Sunday, December 08, 2013

Doomed!


My old friend John Moran essential, hilarious project Perverse Inscrutable is a scrupulous investigation into what makes Absalom, Absalom! tick.

[L]et’s say you want to convey that the players in your novel Absalom, Absalom! are doomed.  Why bother with ominous mood-setting or grave harbingers or any such circumlocution when there’s already a perfectly good word to accomplish your goal?  It’s quite versatile, too: “the very situation to which and by which he was doomed,” “children which she had doomed by conceiving them,” “the current of retribution and fatality which…doomed all his blood,” “caught and sunk and doomed too,” or—this last one also quite comprehensive—“the oblivion to which we are all doomed.”

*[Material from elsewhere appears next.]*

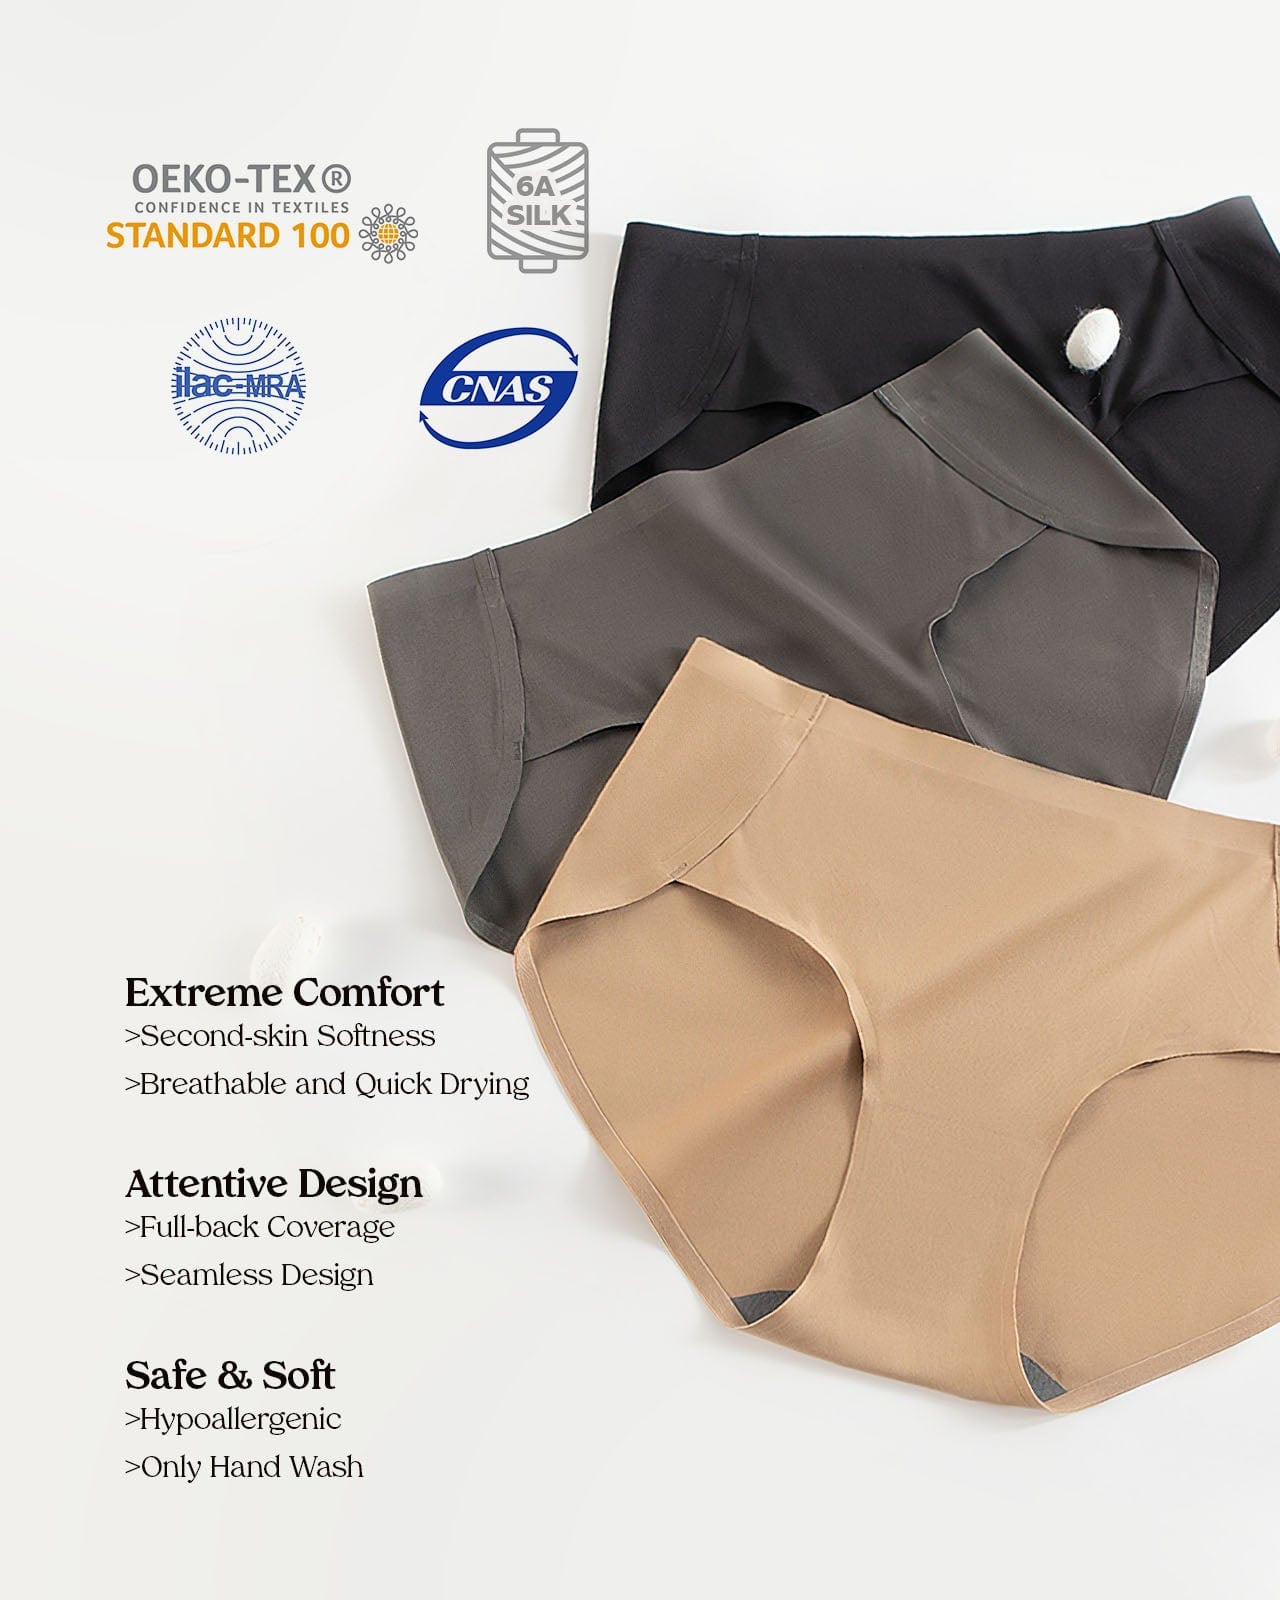 FEELITS Silk Seamless Sports Underwear For Women

[...][I]f your characters’ doom is dooming them to some doom in particular, it works for that, as well: “doomed to marry,” “doomed to be a widow,” “doomed to be a murderer,” “doomed and destined to kill,” “doomed to contemplate all human behavior” (said human behavior involving a lot of marital and homicidal impulses, apparently).  It can be used for dramatic counterintuitive effect, like “doomed to live”—and then this permutation can be paired with various different subjects, as in “those who are doomed to live,” “I am doomed to live,” and “she and I both are doomed to live.”  It is also resilient, standing up to repeated, concentrated use in such iterations as “doomed to spinsterhood” (p. 146), “doomed to spinsterhood” (p. 147), and “doomed to spinsterhood” (p. 148).